Whisper Small Cantonese

Property	Value
Parameter Count	242M
License	Apache 2.0
Paper	Research Paper
Model Type	Automatic Speech Recognition
CER Score	7.93% (without punctuation)

What is whisper-small-cantonese?

Whisper-small-cantonese is a specialized speech recognition model fine-tuned from OpenAI's Whisper-small architecture specifically for Cantonese language processing. This model represents a significant advancement in Cantonese ASR, trained on over 934 hours of diverse data including Common Voice, CantoMap, and YouTube content.

Implementation Details

The model utilizes a transformer-based architecture with several optimizations for performance. It supports both standard and Flash Attention implementations, with the latter reducing inference time from 0.308s to 0.055s per sample on GPU.

GPU VRAM Usage: ~1.5GB
Supports speculative decoding for faster processing
Compatible with Whisper.cpp and WhisperX/FasterWhisper via CT2

Core Capabilities

Fast inference with Flash Attention support
Excellent accuracy with 7.93% CER (without punctuation)
Efficient processing of long-form audio
Flexible deployment options (CPU/GPU)

Frequently Asked Questions

Q: What makes this model unique?

This model stands out for its specialized optimization for Cantonese, extensive training data including pseudo-labeled content, and excellent balance of speed and accuracy.
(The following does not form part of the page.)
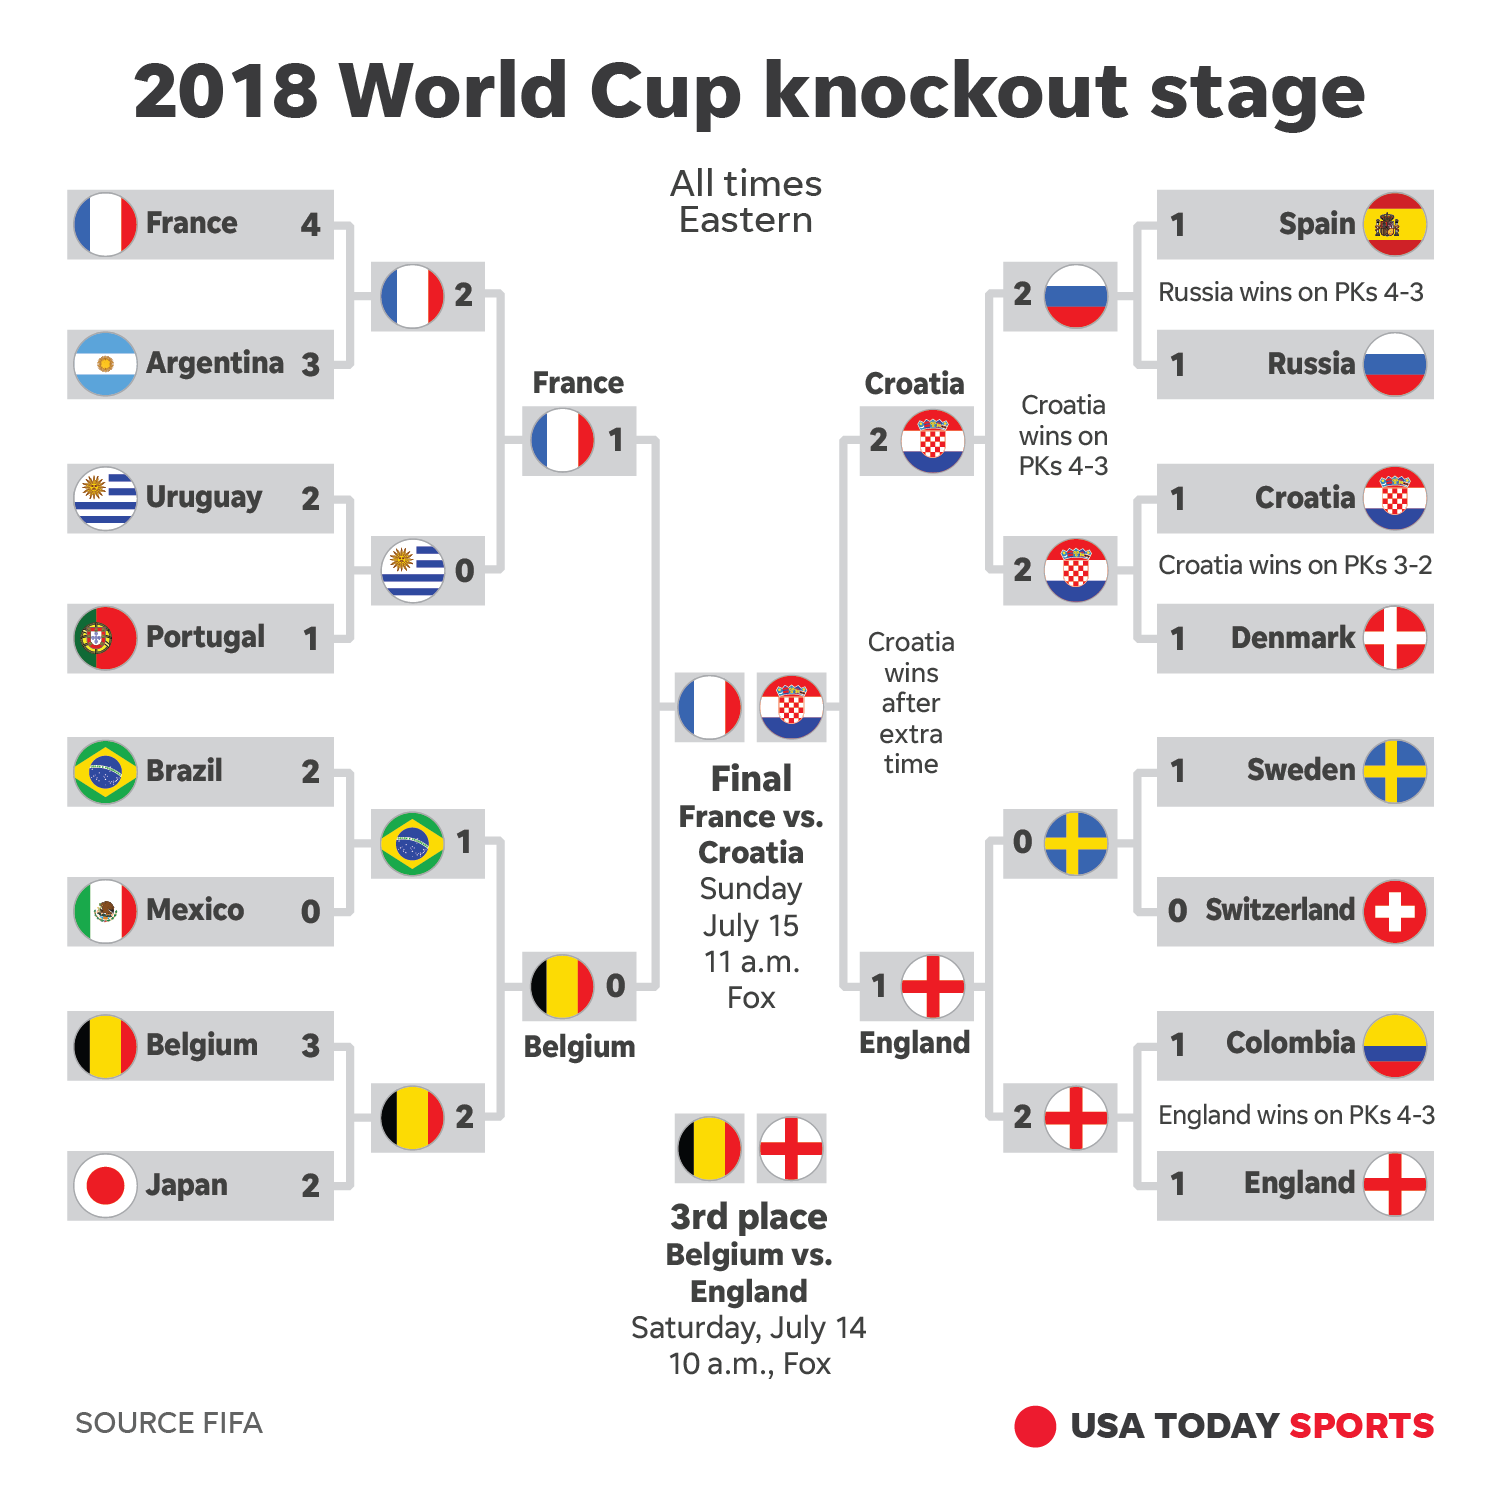 World Cup Game Schedule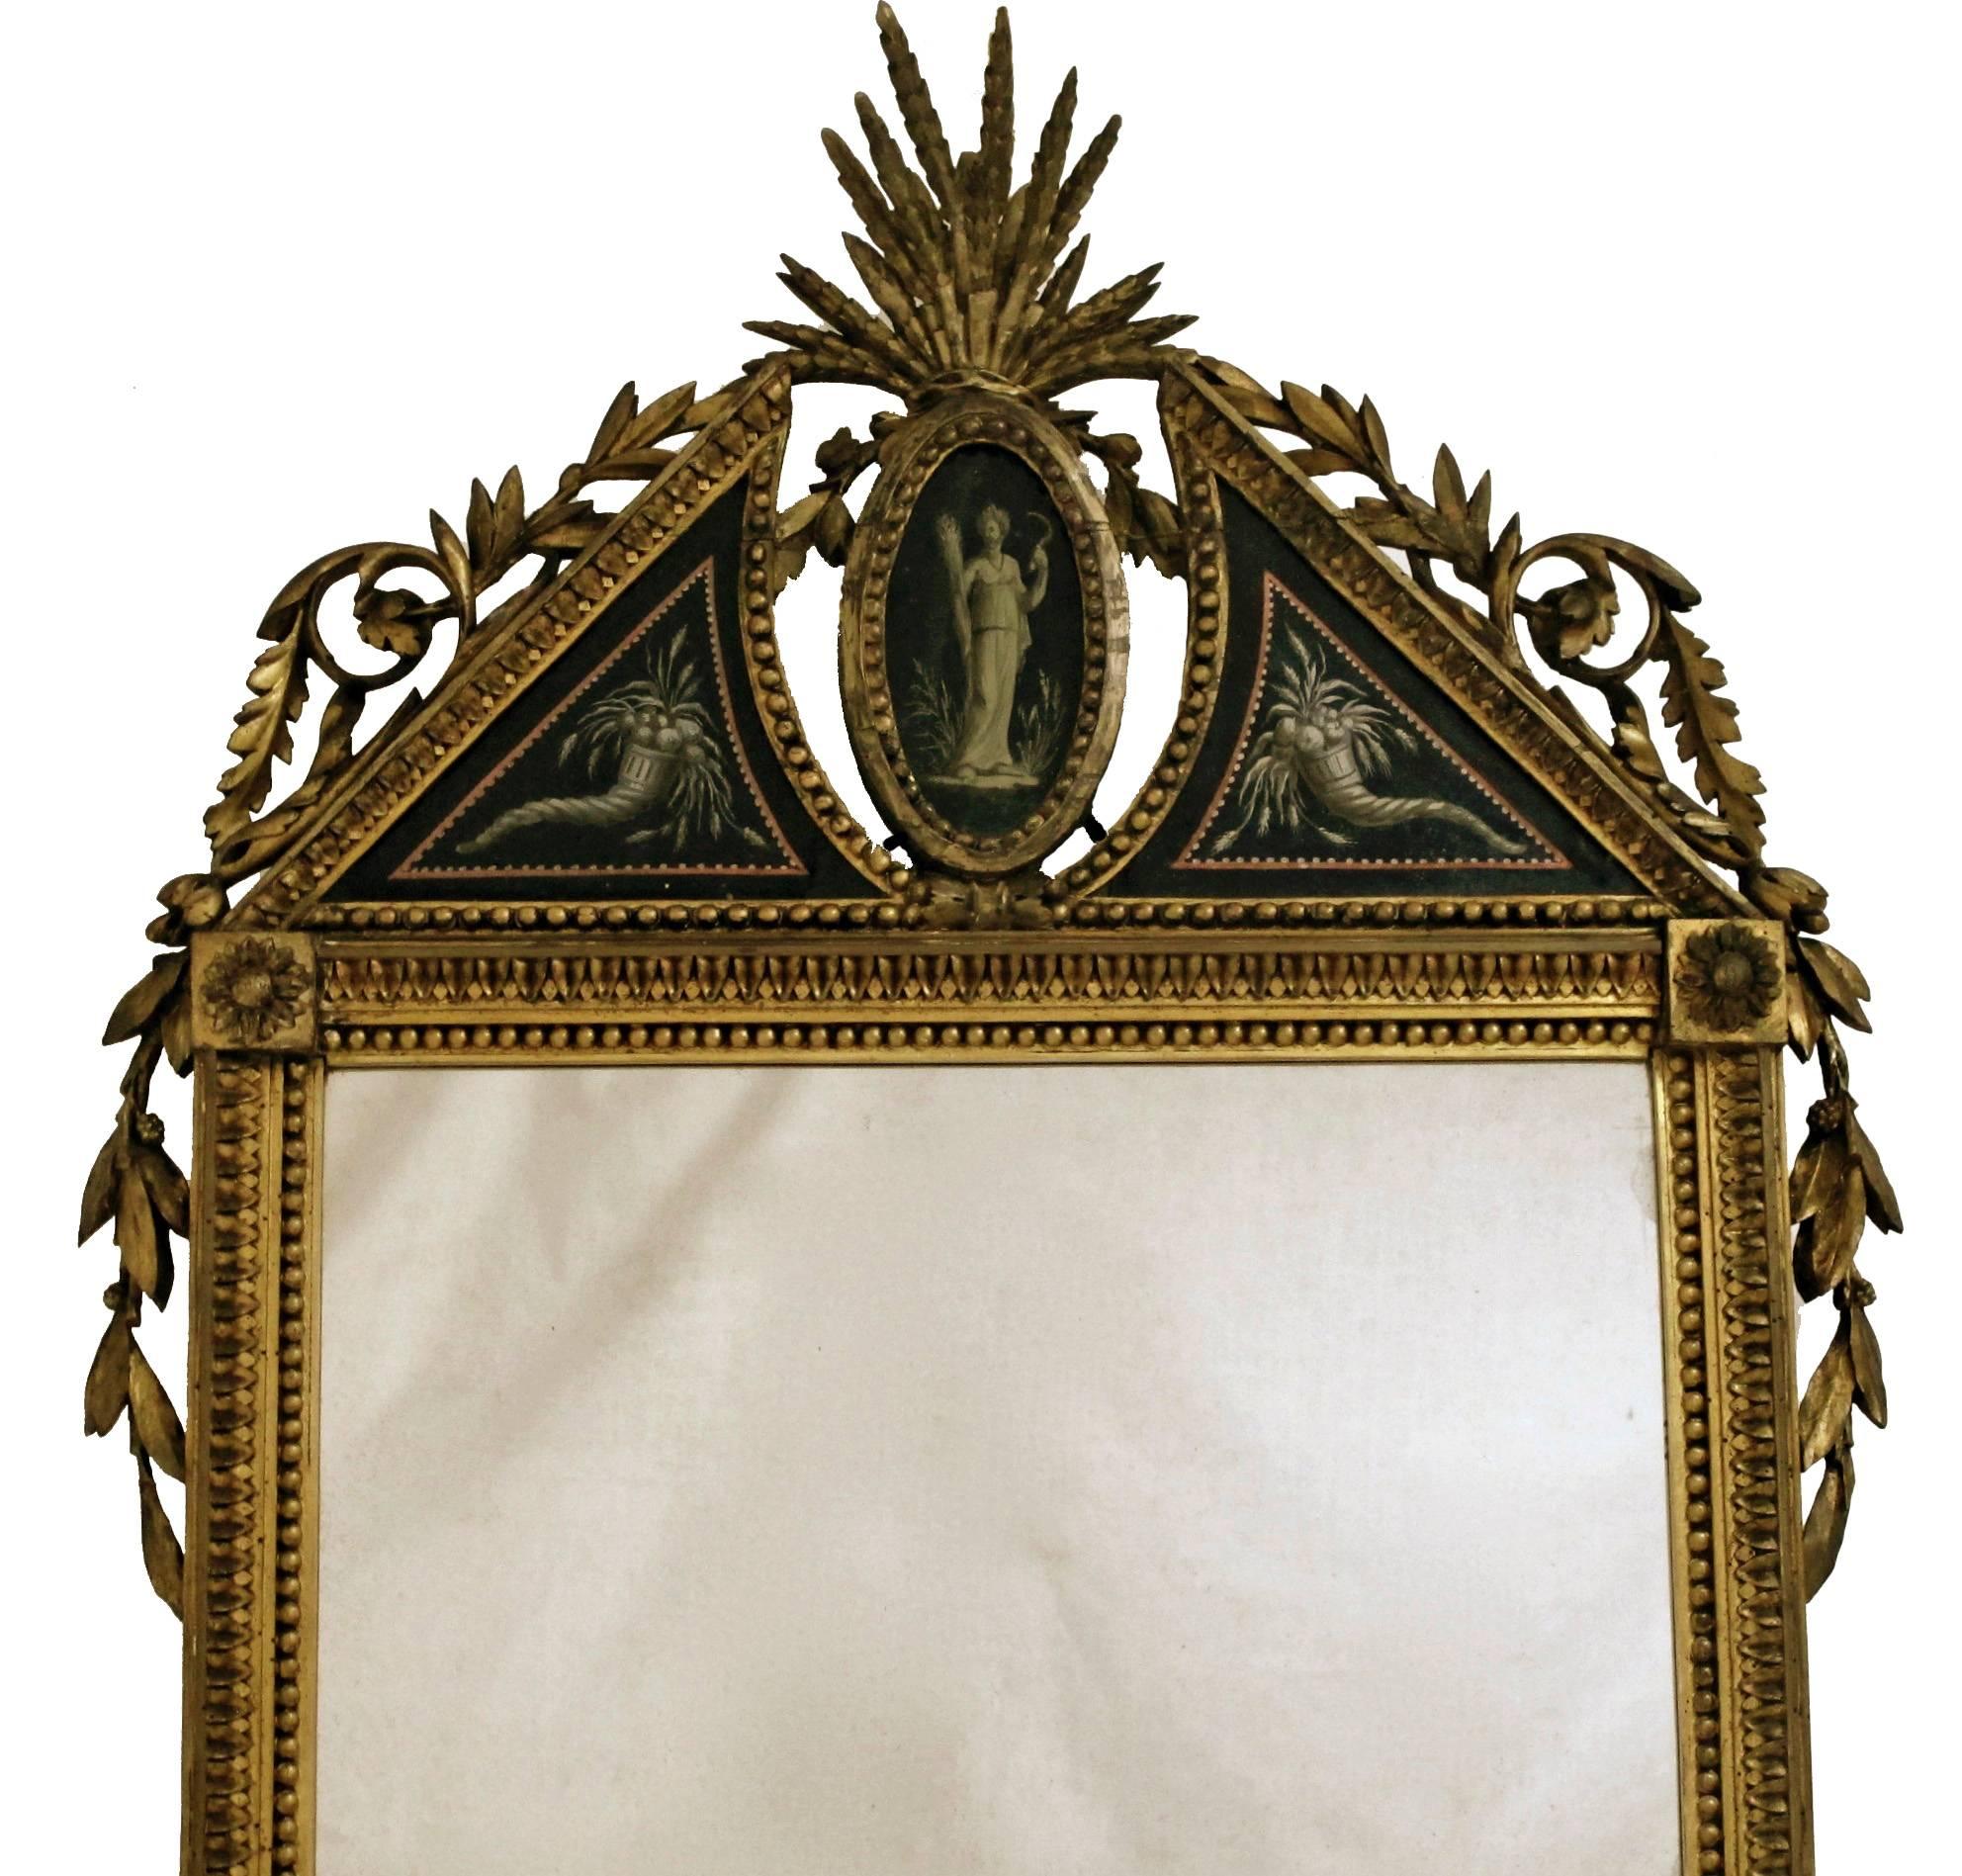 Exquisite French mirror. Finely carved and giltwood frame with hand-painted églomisé (reverse painted on glass) panels and original mirror, France, mid-late 18th century.

It achieves state-of-the-art performance while maintaining reasonable resource requirements.

Q: What are the recommended use cases?

The model is ideal for Cantonese speech transcription tasks, particularly in applications requiring real-time or near-real-time processing. It's suitable for both production environments and research applications, especially when dealing with varied Cantonese dialects and accents.